» **Supplied material**
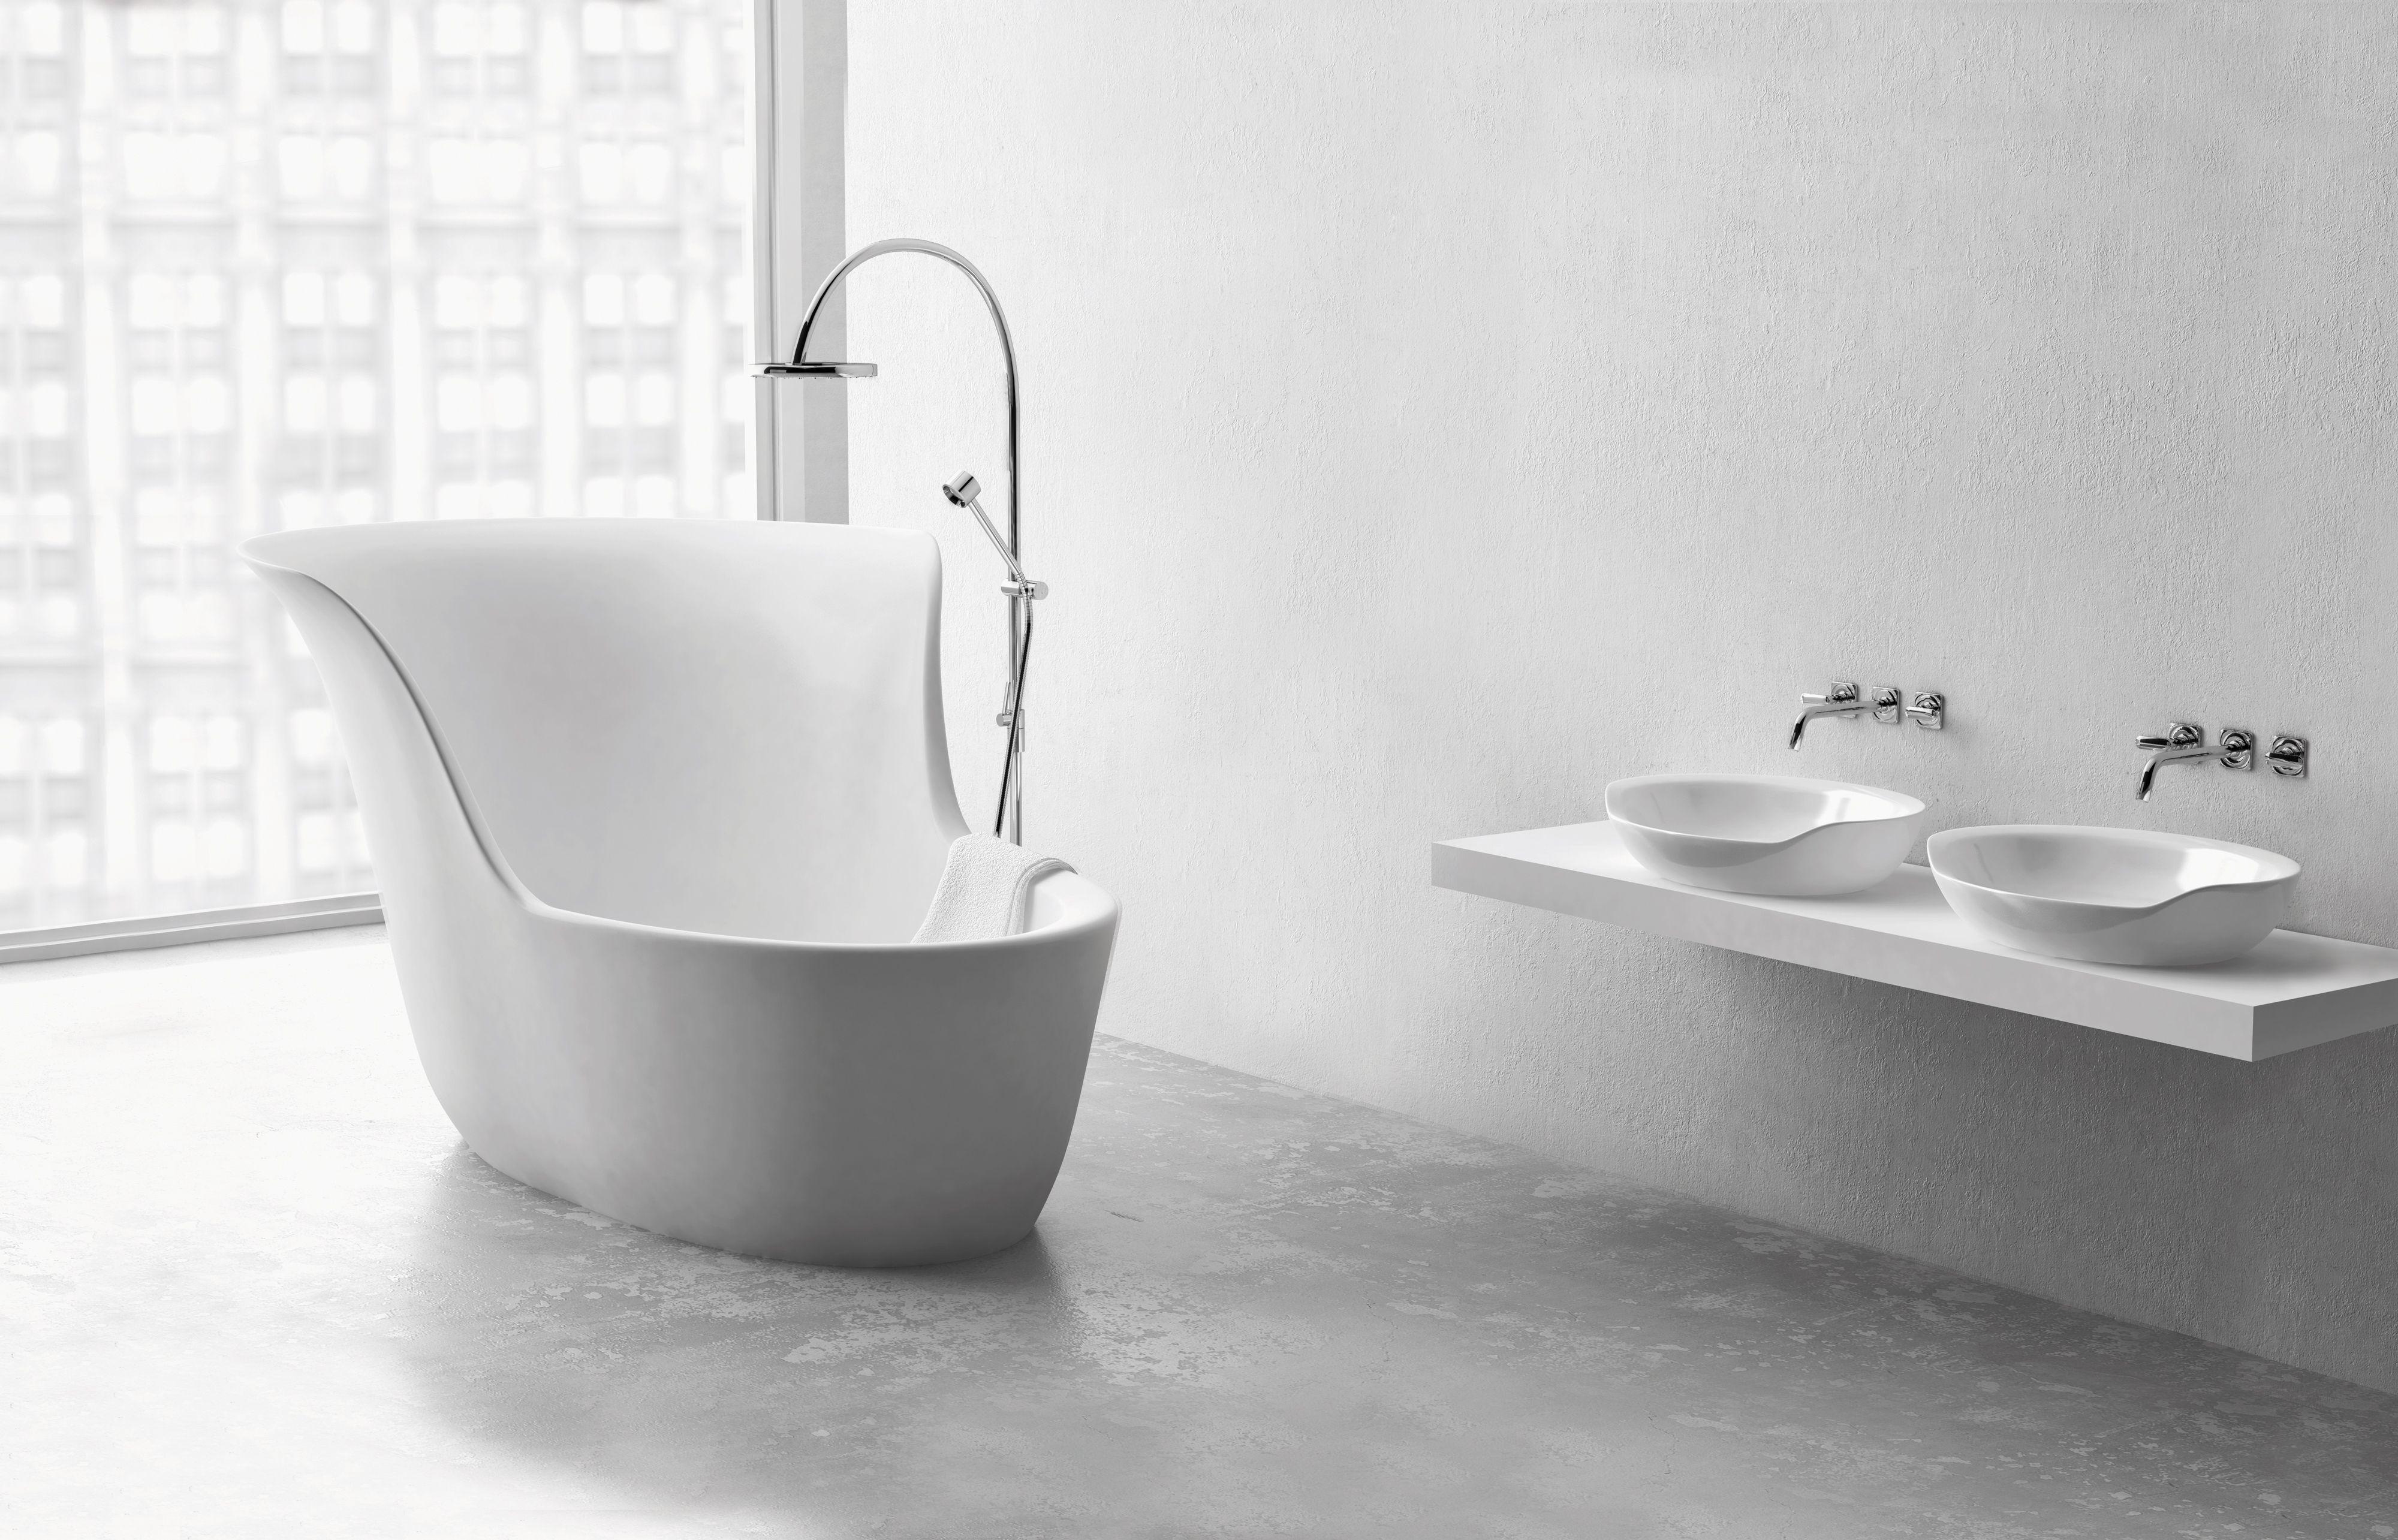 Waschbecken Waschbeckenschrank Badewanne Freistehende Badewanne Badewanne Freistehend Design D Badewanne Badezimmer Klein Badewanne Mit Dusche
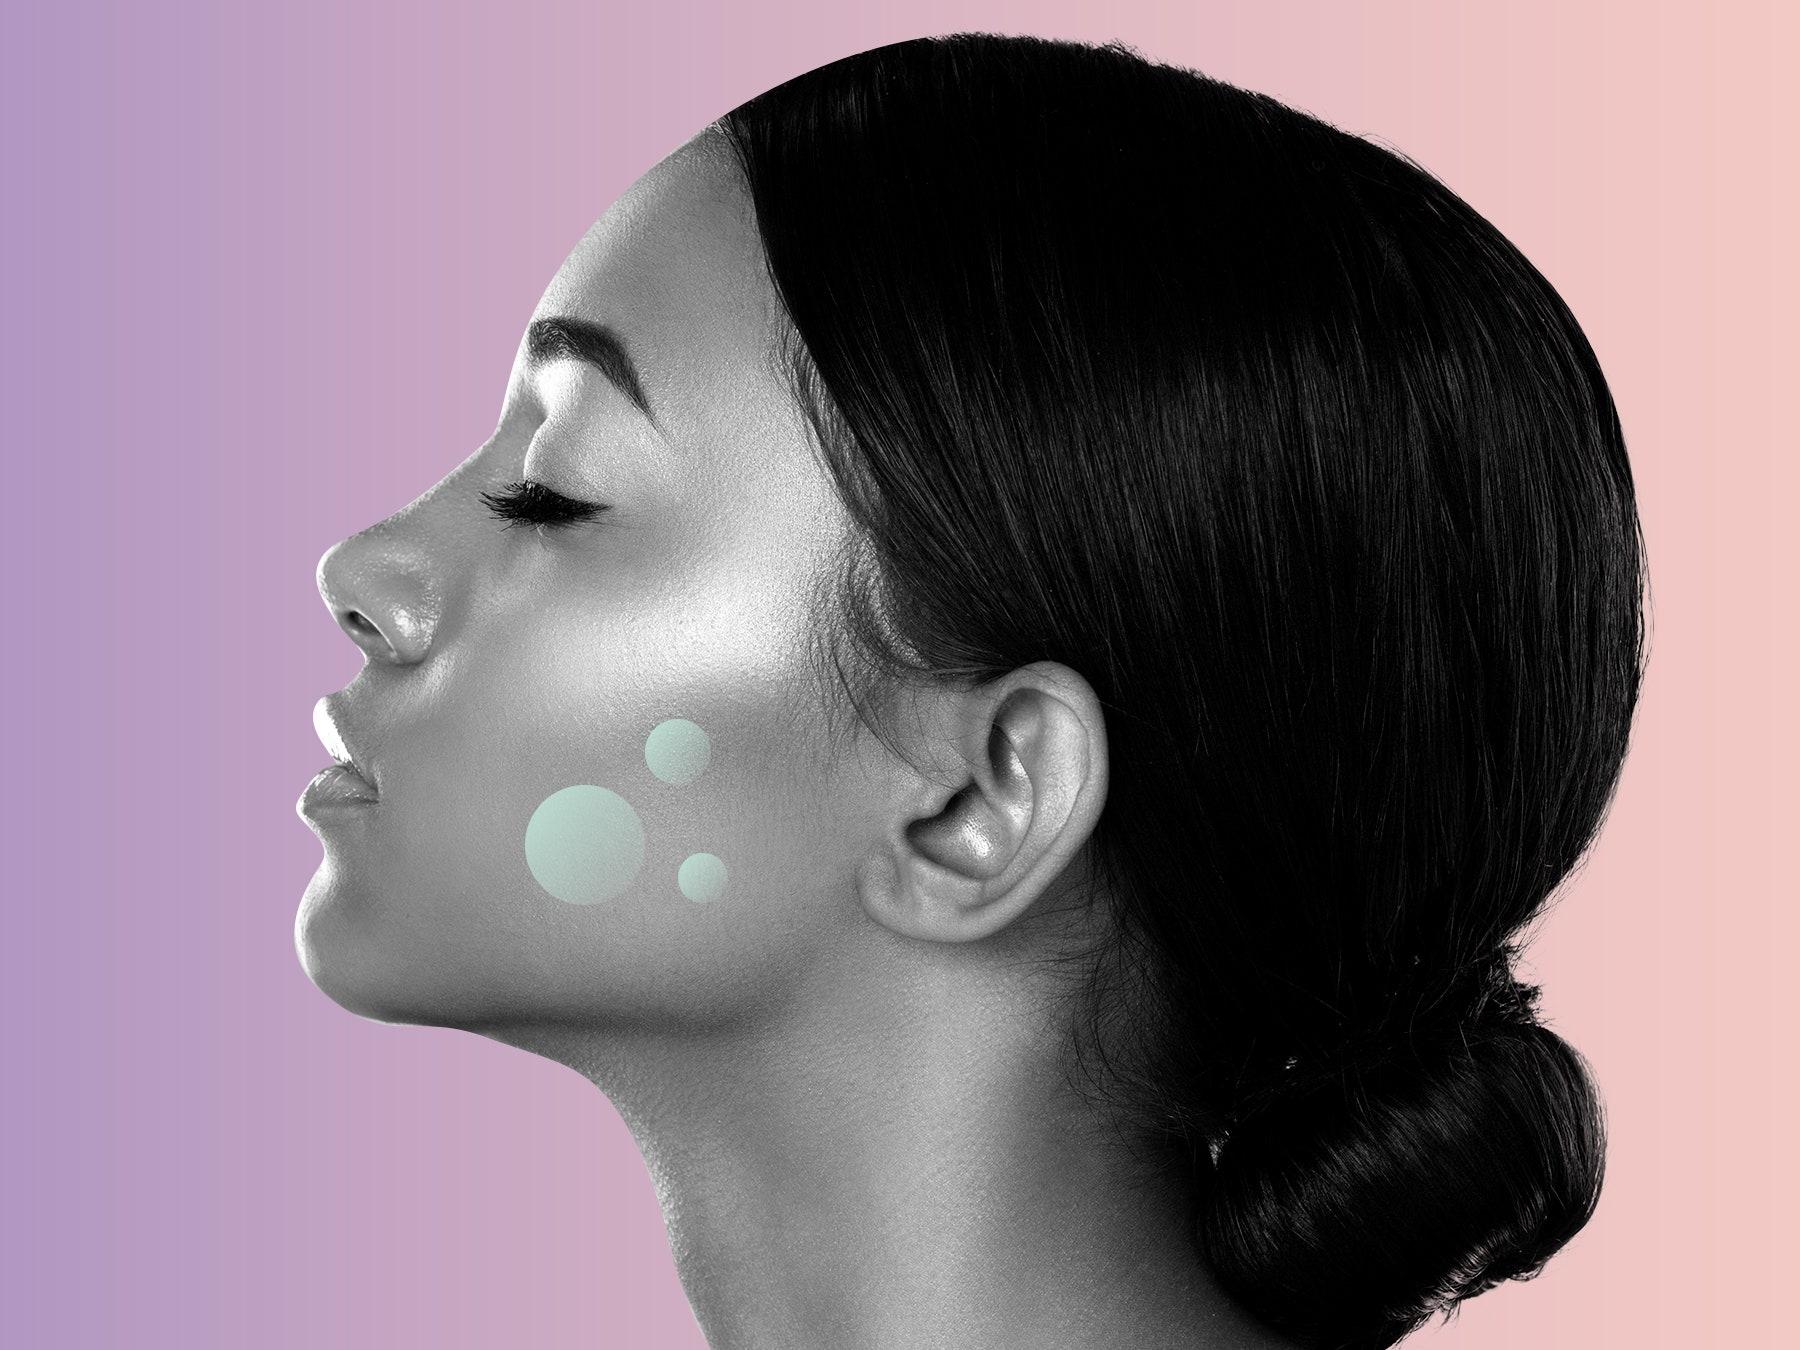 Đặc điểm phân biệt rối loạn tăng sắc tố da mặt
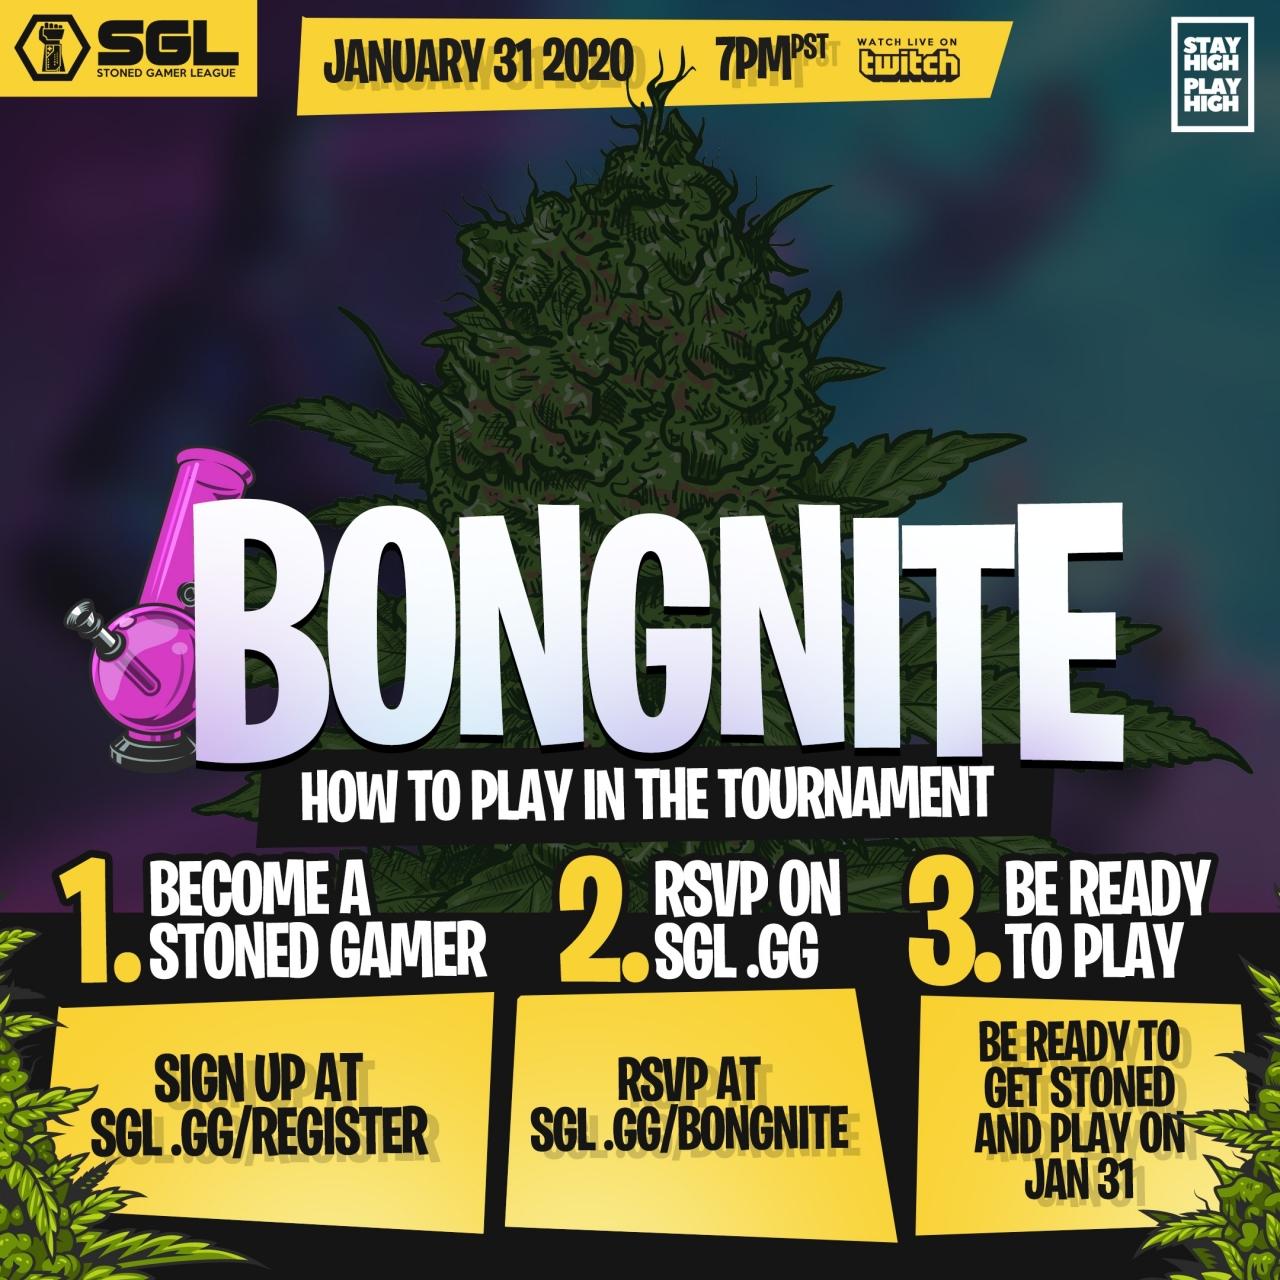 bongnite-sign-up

» **Assignment**
In your answer, repeat the material above in full, exactly, and without its pictures.

» **Answer area**
 Waschbecken Waschbeckenschrank Badewanne Freistehende Badewanne Badewanne Freistehend Design D Badewanne Badezimmer Klein Badewanne Mit Dusche
 Đặc điểm phân biệt rối loạn tăng sắc tố da mặt
 bongnite-sign-up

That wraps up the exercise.